Showing posts with label forgetting. Show all posts
Showing posts with label forgetting. Show all posts

Friday, February 19, 2021

Sometimes I forget!

It's true! Sometimes I forget that I have cancer. Hard to believe right? It is strange. It might be just for a few minutes during the day or sometimes, when I am lucky, for longer periods of time. There are days, when I can almost get through the entire day without thinking about cancer or my own personal circumstances. These are special moments. They are carefree moments. They are 'normal' moments. They provide a much needed escape from reality, my reality. Often they occur when I am distracted, busy or thinking of others. I talked about finding distractions in one of my previous blogs. I must say that it is getting harder and harder to find these lasting moments of distraction, especially as I wait for next steps in my cancer journey. I am thankful that they they still provide me with some respite from my reality.

Unfortunately there are also constant reminders or prompts that pop up all the time that quickly bring me back to reality! It might be a zap or a pain in my body or a telephone call that seems to come out of the blue, to book another appointment or to share some recent results. It can even be a television commercial about cancer treatments, cancer lotteries or donating to cancer causes. It is amazing how many commercials there are about cancer when you pay attention and notice them. Let me tell you that you can't get through an episode of Wheel of Fortune, Jeopardy or Sunday Morning (our latest obsessions) without seeing a commercial about cancer, often multiple commercials, sometimes two in a row. These are shows that come over the US networks, where they can advertise directly to patients.  It is everywhere and impossible to ignore! I have noticed that even the talk shows seem to be highlighting people and families that are dealing with cancer or who have survived cancer. It is then, that my own reality comes roaring back.  Oh yeah, that's me, I'm a member of the cancer club.  It is sad and disappointing to say that prior to my own cancer diagnosis, I really didn't notice or pay much attention to cancer. Now I can't escape it.

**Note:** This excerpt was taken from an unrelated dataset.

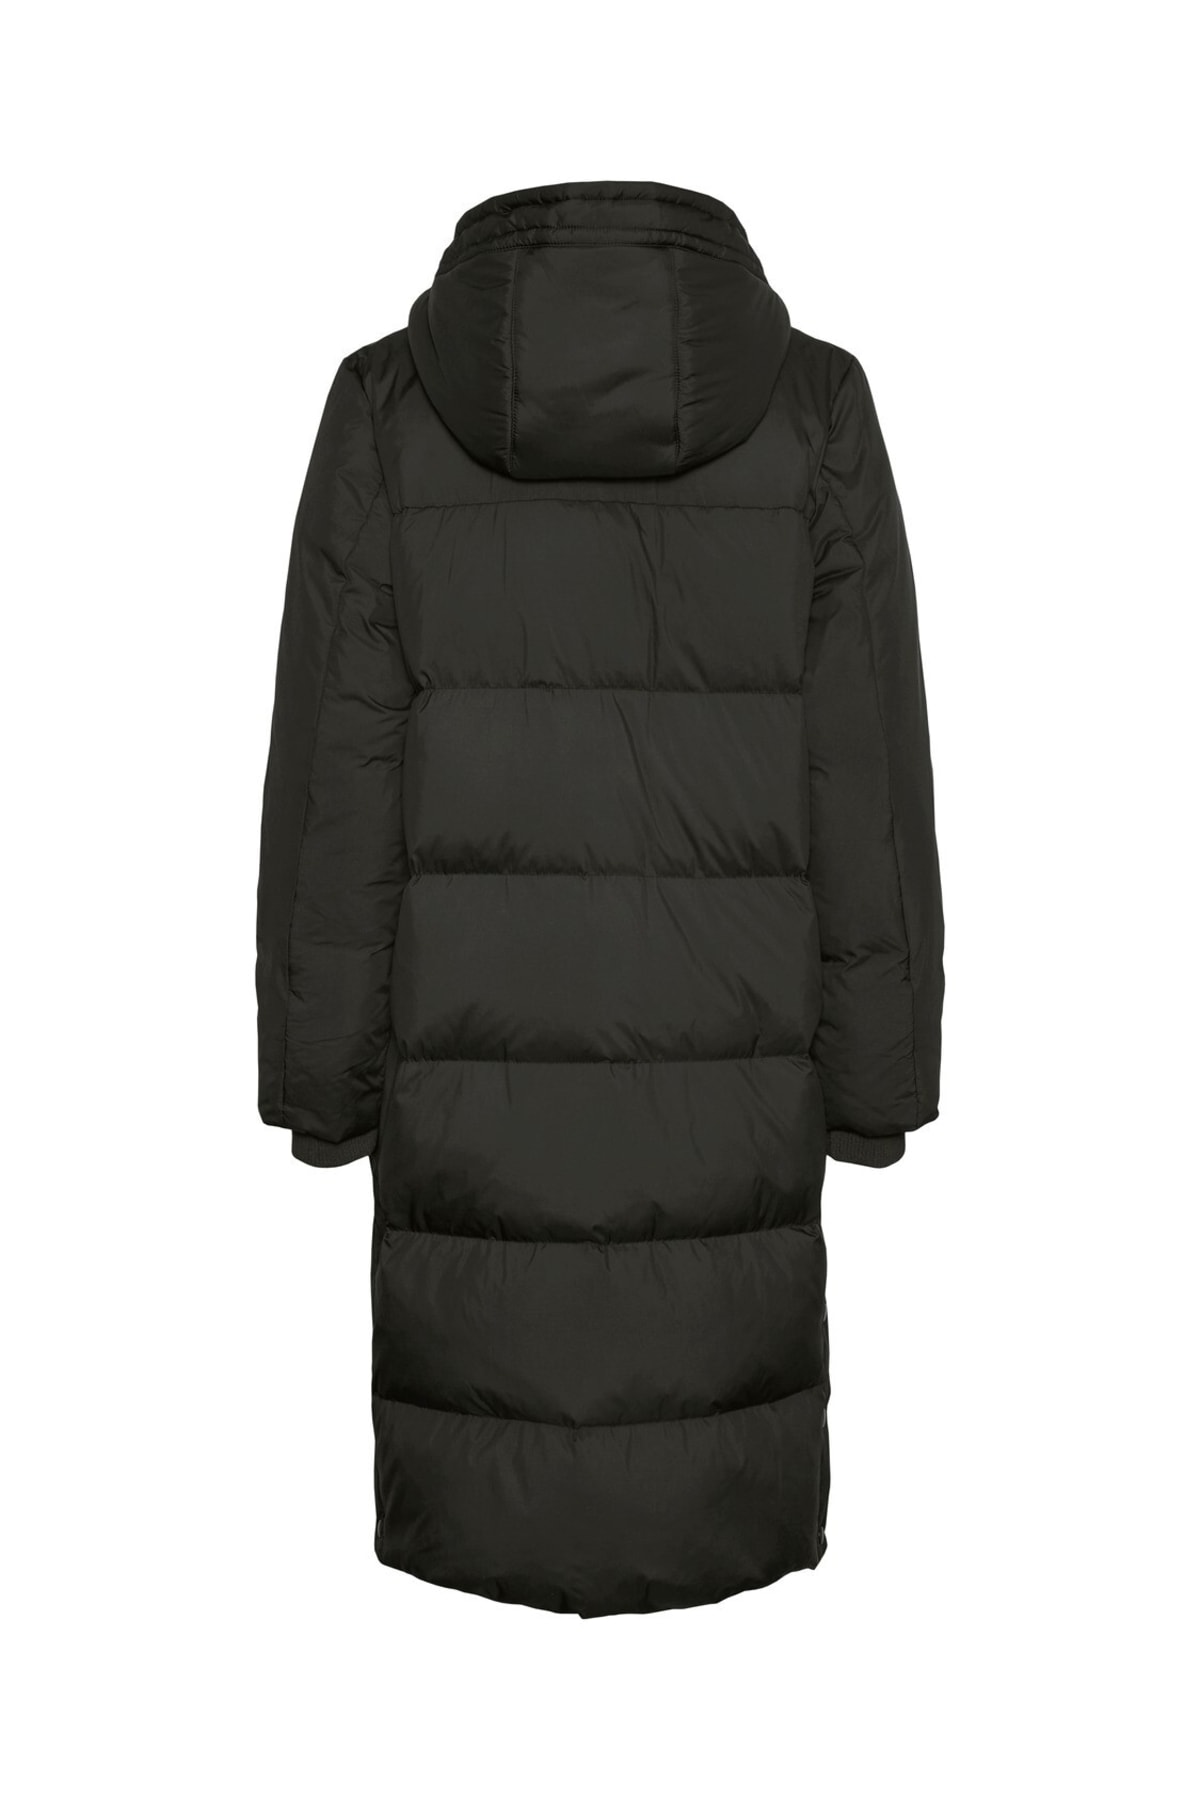 Vero Moda Winterjacke Schwarz Basic Fast ausverkauft QV8478

Sometimes I forget what it was like 'before cancer'. I am now in my seventeenth month since being diagnosed with esophageal cancer. At that time, being here at seventeen months after my diagnosis was not even a possibility or part of the discussion.  That was the dream, to be an outlier! It has been a whirlwind since that fateful day back in September 2019. Sometimes it feels like a lifetime ago. I remember being so excited for the start of my retirement, excited for our planned retirement trips and exciting adventures that were upon us. Little did we know that we would have to detour, postpone and alter our plans due to an unplanned and unwelcome adventure that would take us on a medical roller coaster ride. This ride has had many ups and downs and plateaus along the way. I guess it is the ride of our life, for better or worse.

Sometimes forgetting is a good thing but I will never forget the love and support from my wife, family, friends and colleagues. You are what keeps me going, keeps me positive and keeps me hoping!